The study, designed to review the evidence for sustained elimination of endemic measles, rubella, and congenital rubella syndrome (CRS), was submitted to the Pan American Health Organization as a way to review the evidence for prevention of the diseases. Measles was declared eliminated from the United States in 2000, and endemic rubella and CRS were eliminated from the United States in 2004.
"Collectively, the very low disease incidences, the high proportions of importation-associated cases, the absence of endemic genotypes, the adequate surveillance, and the high levels of population immunity all indicate that the elimination of endemic measles, rubella, and CRS has been sustained in the United States," reported Dr. Mark J. Papania of the National Center for Immunization and Respiratory Diseases at the Centers for Disease Control and Prevention and his associates. "However, because measles and rubella remain endemic in many parts of the world, importations will continue to occur."
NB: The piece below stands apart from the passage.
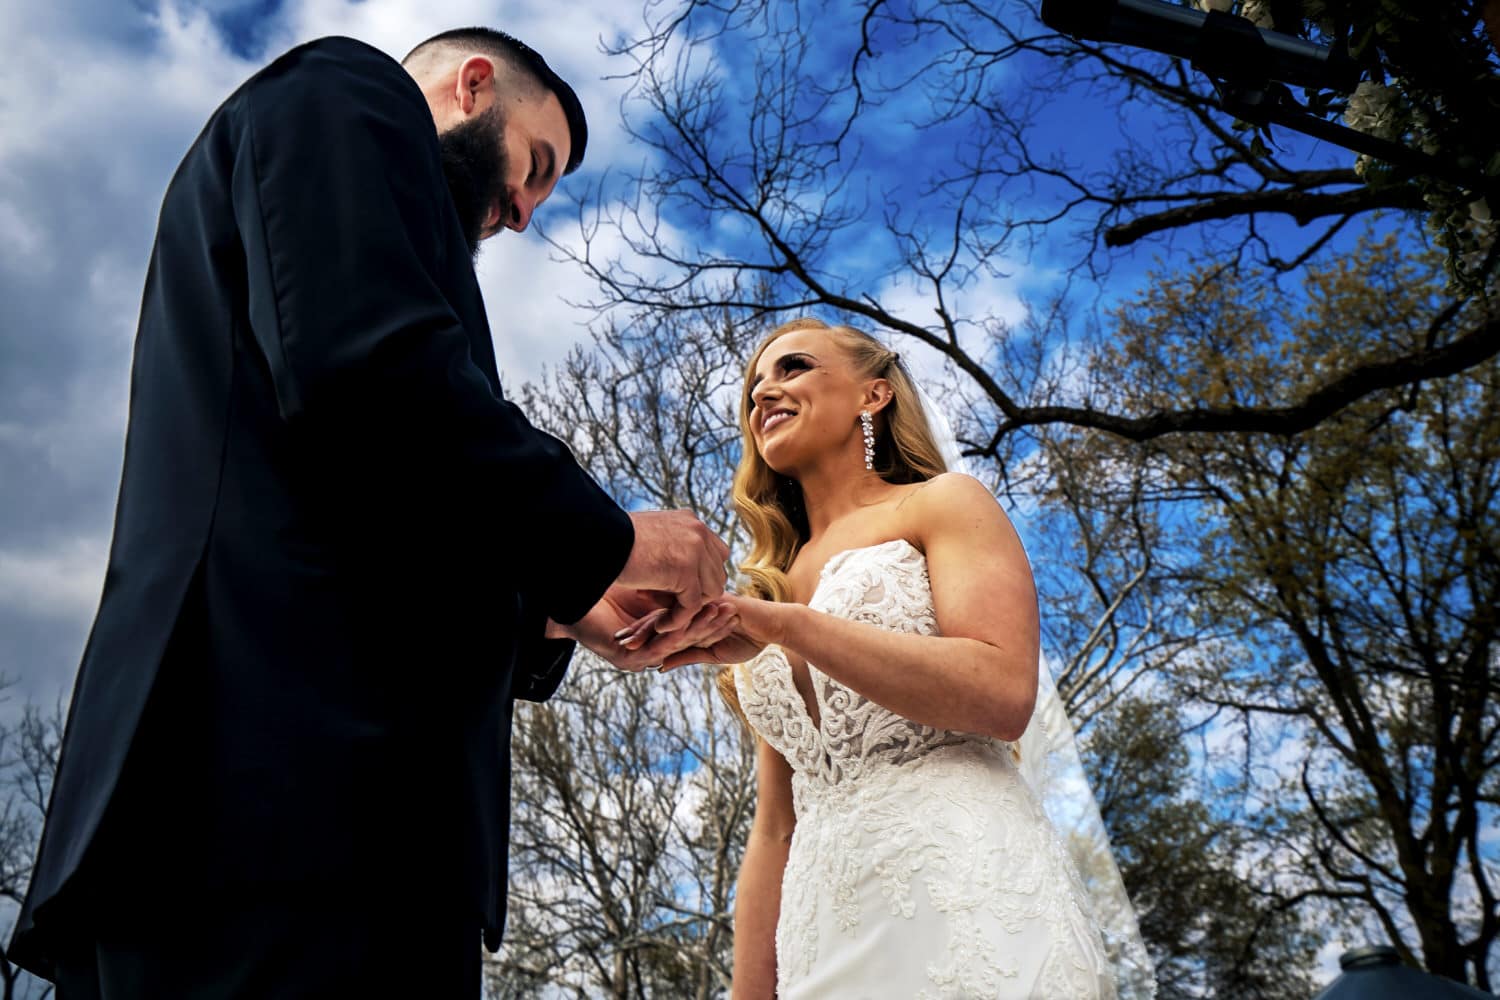 A candid picture taken during a spring wedding ceremony at the Farmhouse KC Event Venue of a groom putting a wedding band on his bride's finger, taken from the ground looking up against a bright blue sky.

There has been significant global progress in the past 10 years in reducing measles deaths in children, and recent advances in elimination of the disease have been "tremendous but unfinished," Dr. Thomas Frieden, director of the CDC, said at a press conference. He pointed to two small spikes in measles cases in 2011 and 2013, but stressed that less than 2% of the patients in those cases were fully vaccinated. "It is not a failure of the vaccine, it is a failure to vaccinate," he said.
Dr. Samuel L. Katz, chair emeritus of pediatrics at Duke University in Durham, N.C., and coinventor of measles vaccine, highlighted the work of local administrators and health professionals in the field as a major factor in reducing measles deaths around the world. "It’s been 50 years [since the vaccine was invented], and we’re pretty much using the same vaccine in the same way," he said at the press conference, but he mentioned a number of potential improvements to the vaccine currently in development, including microneedles and aerosol sprays.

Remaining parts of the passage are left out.